#### Given data
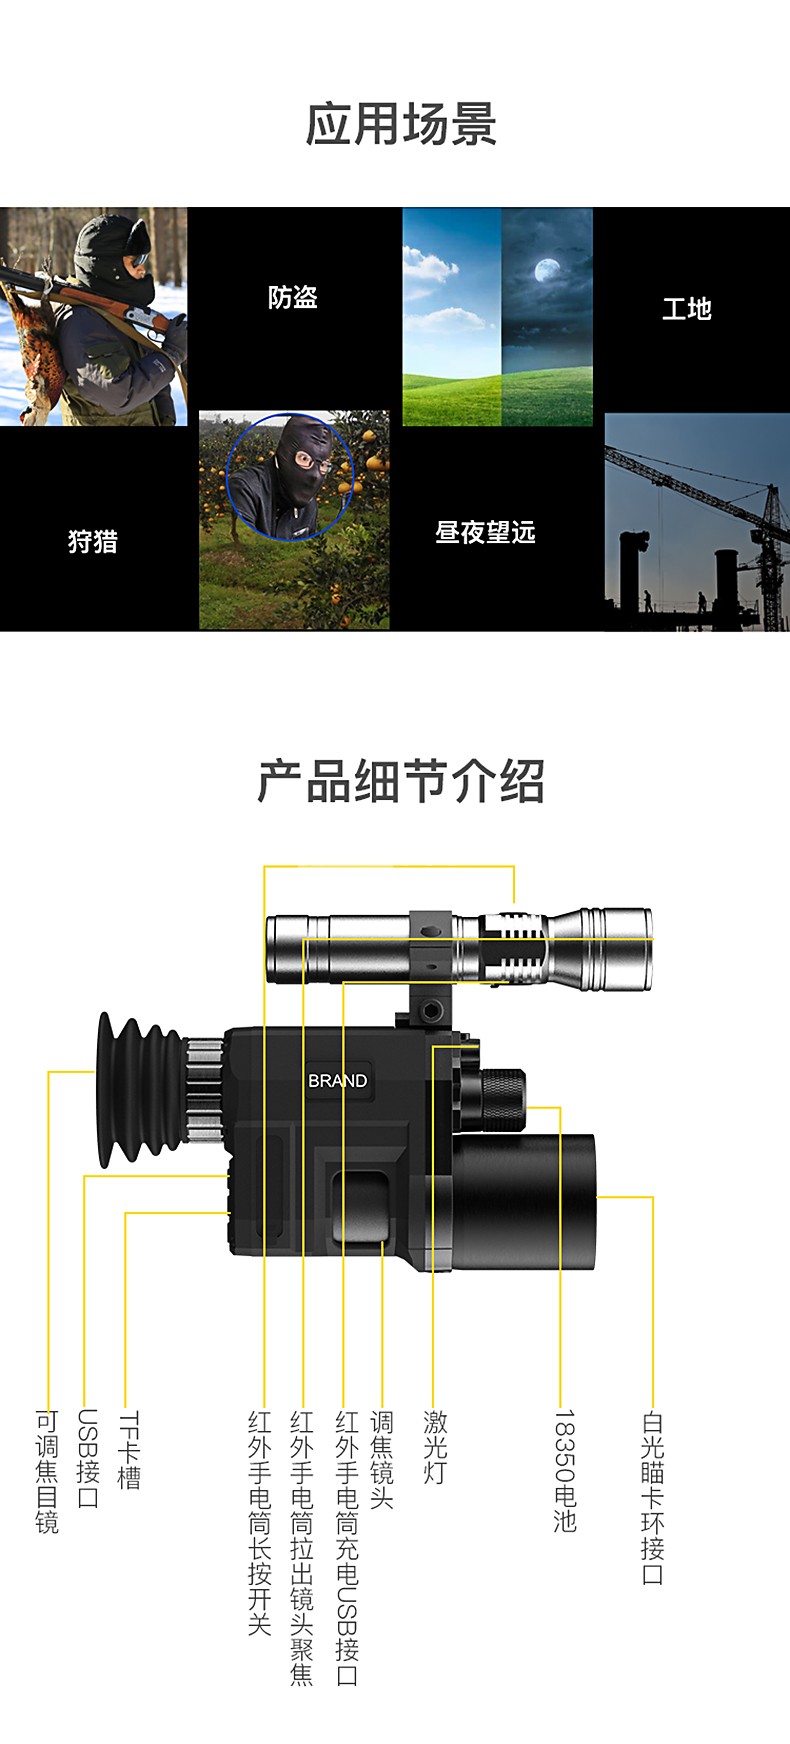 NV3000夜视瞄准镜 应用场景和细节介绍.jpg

...

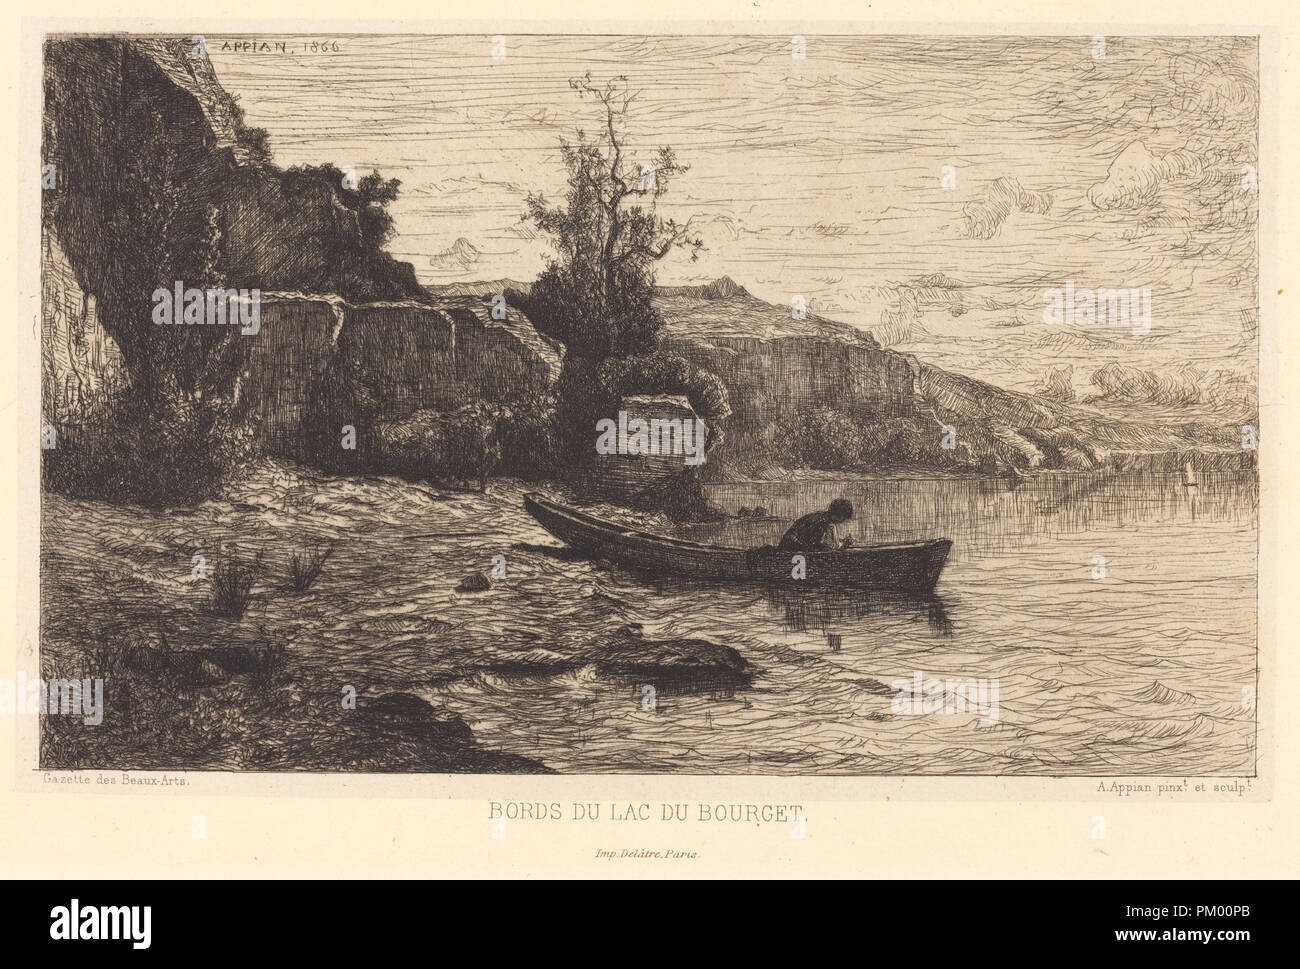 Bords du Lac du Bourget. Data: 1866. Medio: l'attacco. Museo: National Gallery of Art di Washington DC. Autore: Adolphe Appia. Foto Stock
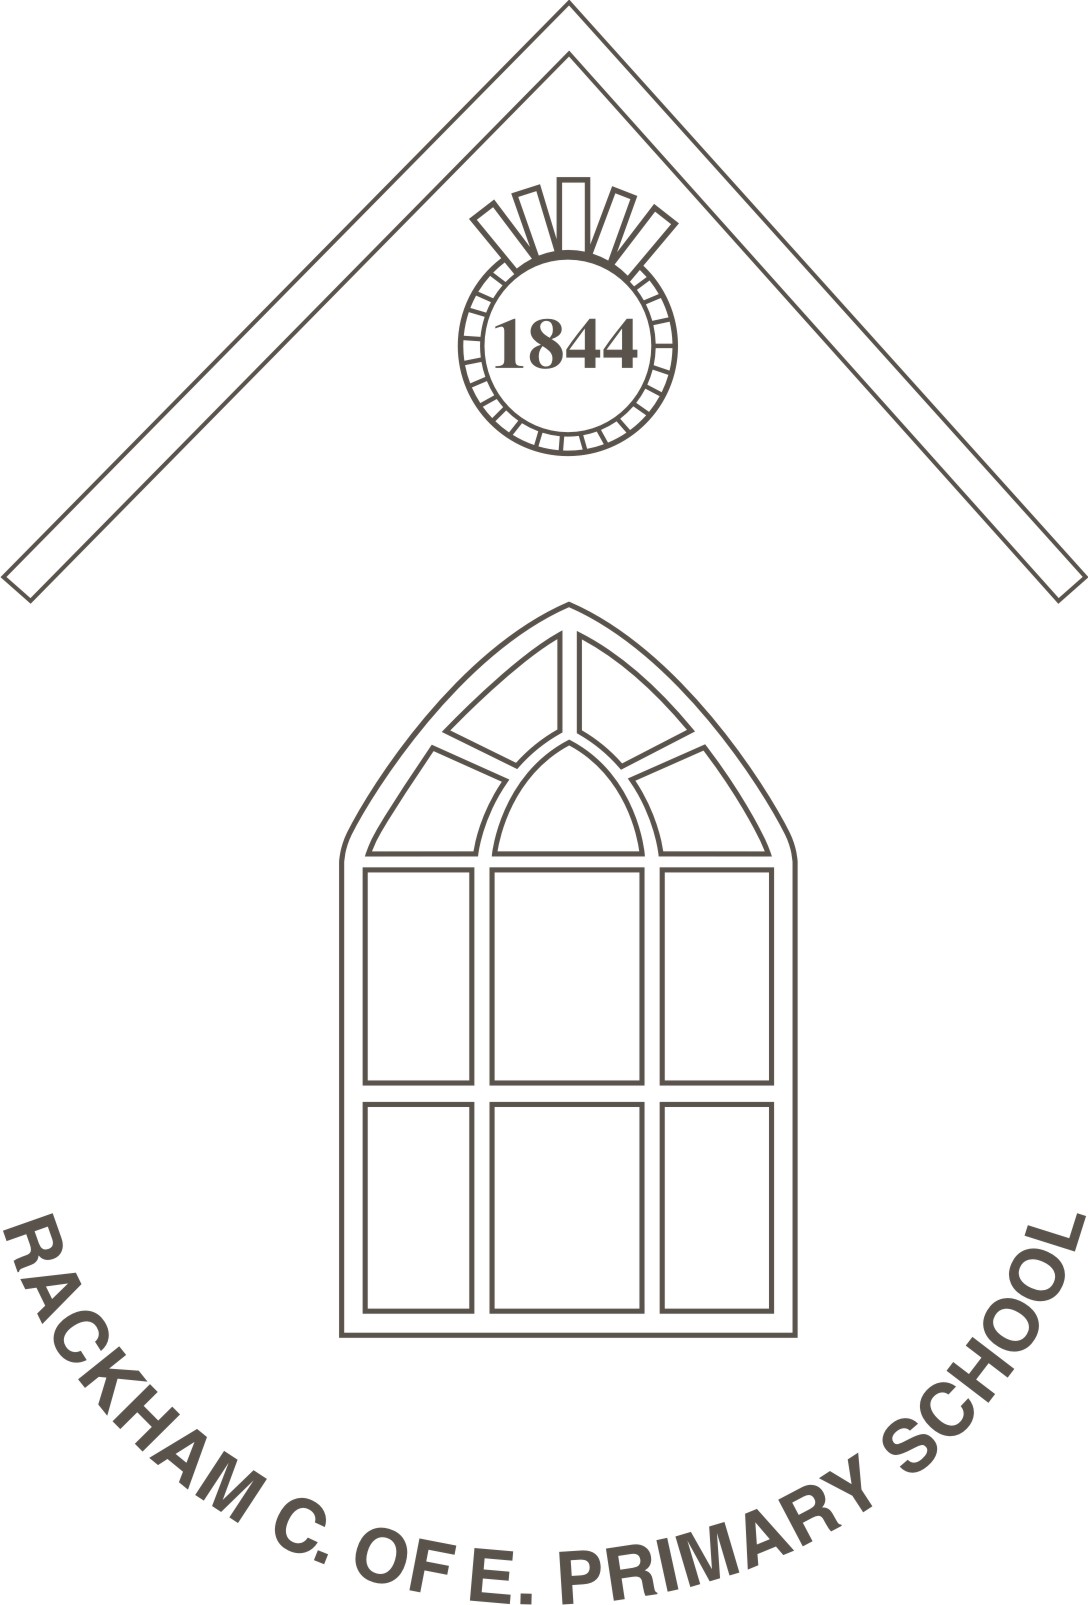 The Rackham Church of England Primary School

==

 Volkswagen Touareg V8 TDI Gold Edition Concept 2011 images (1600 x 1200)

#### What to work on
Copy the lines above exactly, starting at the one with "Bords du Lac" and ending at the one with "The Rackham Church of England Primary School", both included. Leave out any pictures and add nothing else.

#### Written solution
 Bords du Lac du Bourget. Data: 1866. Medio: l'attacco. Museo: National Gallery of Art di Washington DC. Autore: Adolphe Appia. Foto Stock
 The Rackham Church of England Primary School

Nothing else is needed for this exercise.